If Bud Selig Selig really wanted steroids out of baseball, he would have pushed for much more string penalties: at least a season for a first offense, with the possibility of a lifetime ban for a second failed test. Cycling has it right. Fans know that doping is rife in the sport, but they can also derive a small amount of satisfaction with the knowledge that dopers who get caught are severely punished.

All this brings us back to Bonds. One of the big stories accompanying his chase of Hank Aaron's career home run record was whether Bud Selig would choose to be present for Bonds's record-breaking home run. If Bonds did not have the "steroid-abuser" tag hanging around his neck, there's not question that Selig would have been there. But Bonds used steroids, so Selig struggled with the decision to explicitly validate Bonds's steroid-laden achievement.

Selig deserves no sympathy here. If he had pushed for steroid testing 10 years ago, or implemented a steroid policy with bite back in 2005, he might have some credibility when it comes to steroids. But in waiting so long to do anything and then doing so little, Selig ceded whatever moral high ground he might have held.

You can blame Barry Bonds for many things, but breaking the rules isn't one of them. If baseball had gotten its act together 10 years ago, we wouldn't be hearing about this now. Barry Bonds would either have gotten caught (and been punished) or chosen not to use steroids and continue his exemplary career drug-free. Instead, we're left with an all-time great whose true greatness we'll never really know. Bonds is mostly to blame for that, of course, but Major League Baseball gets a major assist.

Monday, August 13, 2007

Cultivating British identity

(I seem to take 2 months to actually blog about stories I save for blogging, so you'll have to excuse my lack of timeliness.)

In recent months, both Gordon Brown and David Cameron have called for the British state to take greater interest in cultivating British identity, with particular focus on the "United" bit of the "United Kingdom." Brown's take is more compelling, not least because Cameron's use of the United States as a model is rather blunted by his ignorance about what actually resonates with Americans (hint: Americans have neither emotional attachment nor reverence to Mt. Rushmore). But both Brown and Cameron believe that the
government can take positive steps towards increasing a sense of British unity: making British history a central part of the national curriculum, highlighting nationwide holidays like Remembrance Day, and ensuring that immigrants learn English.

These are just the sort of things that the government can do to increase national identity, but I'm skeptical that they would actually work.
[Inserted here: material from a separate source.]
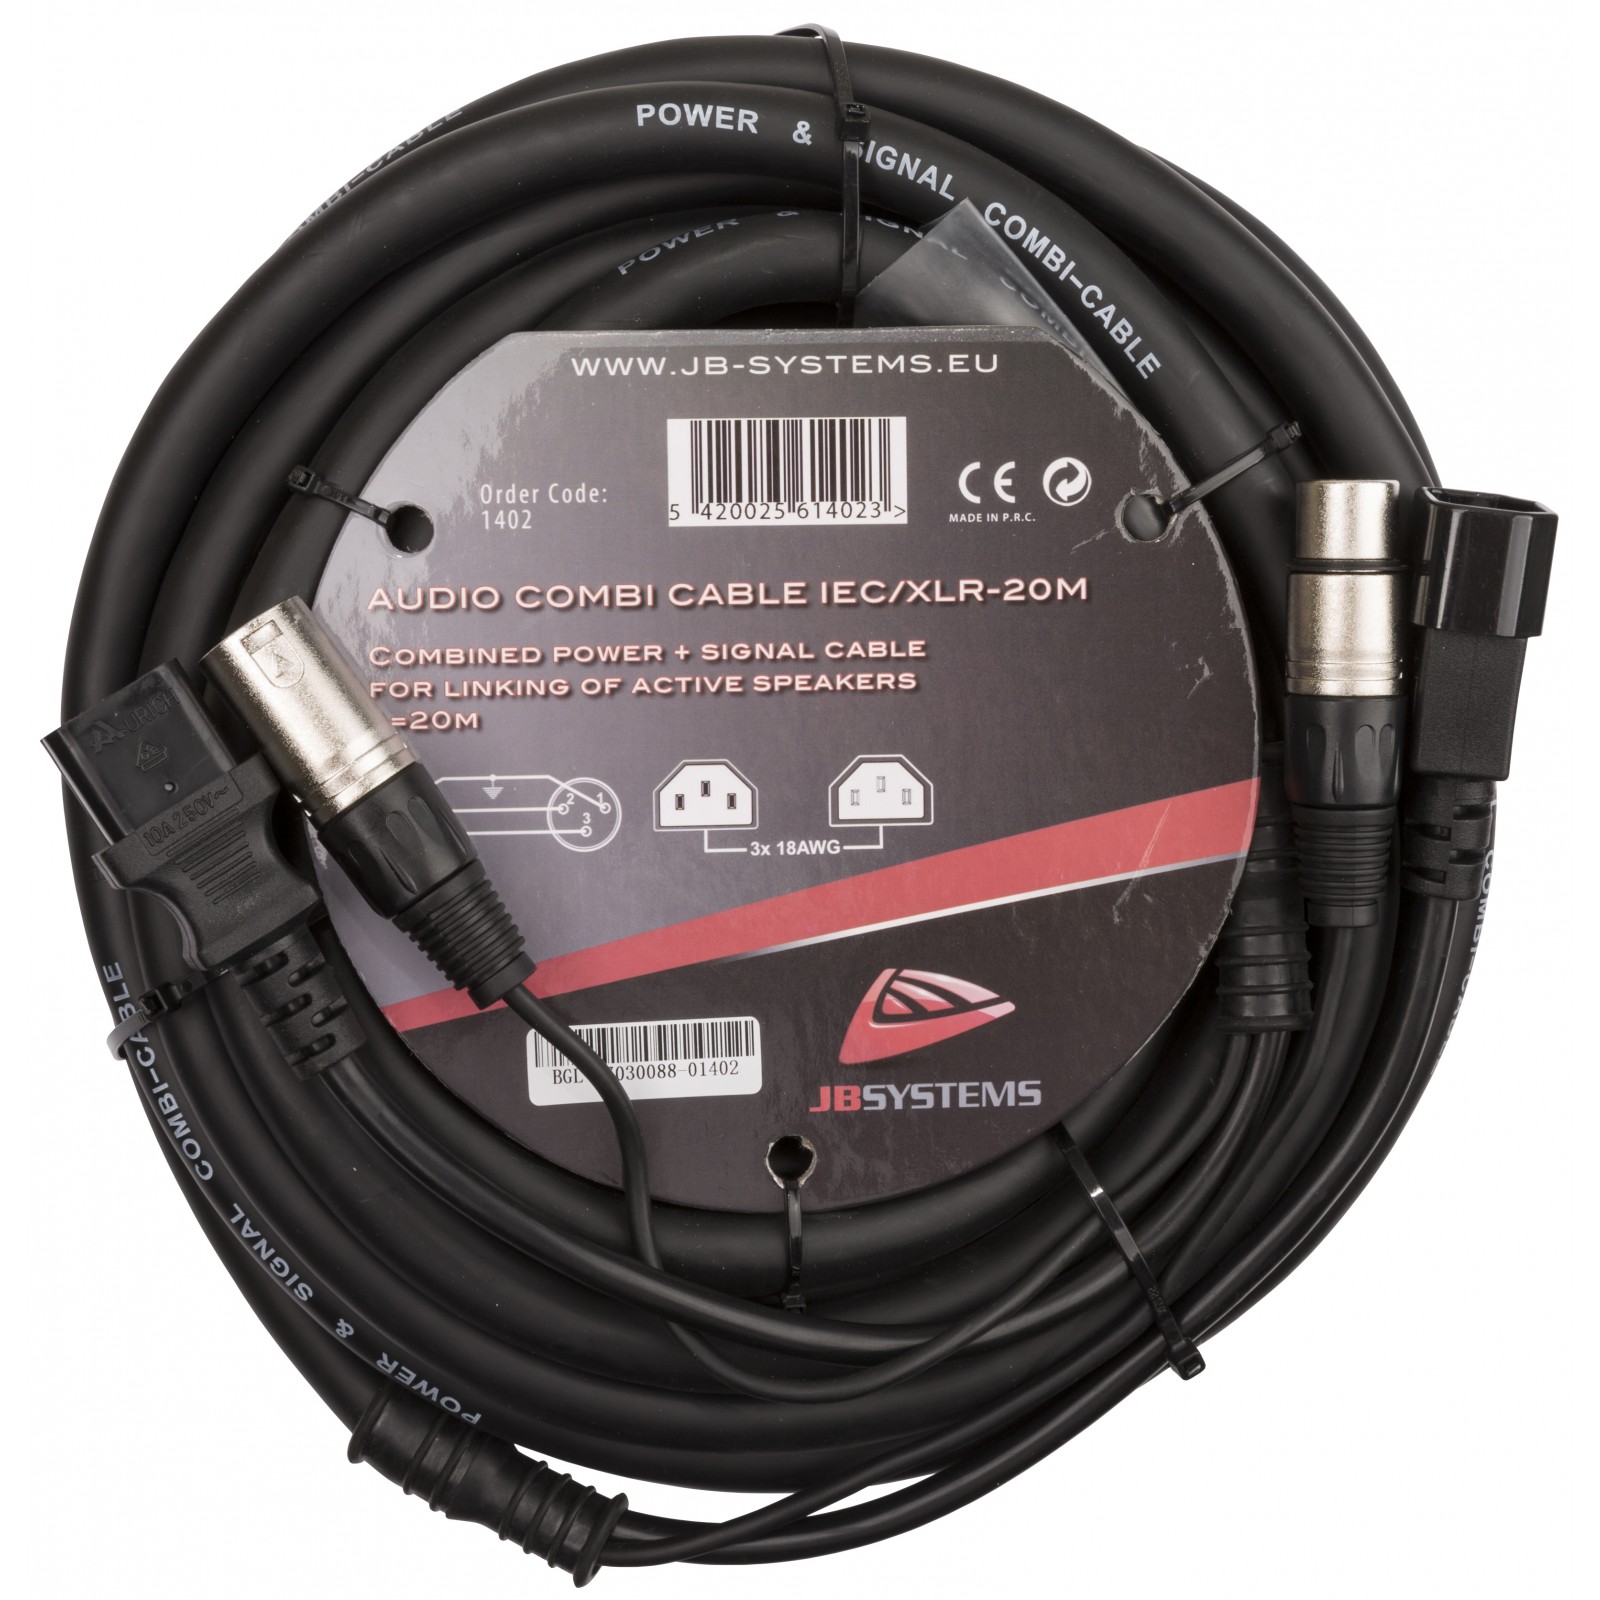 JB Systems Audio Combi Cable IEC/XLR-20M Audio/Strom Hybrid Kabel

Identity is complex and multi-faceted, and it strikes me as naive to think that simply injecting more British history into the schools, flying the Union Jack more frequently, and encouraging the use of English will magically make everyone feel more British (to be fair, Cameron points to English as a means of facilitating communication and cooperation between previously disconnected communities within the UK). Too much of life takes place outside of the purview of the state for it to be as easy as that. Family life, television, and local community all have as strong an impact on the development of identity as what is taught in school.

I'll leave it to others (for now) to debate the desirability of a stronger British identity. But it won't be as easy to create as Brown and Cameron seem to think.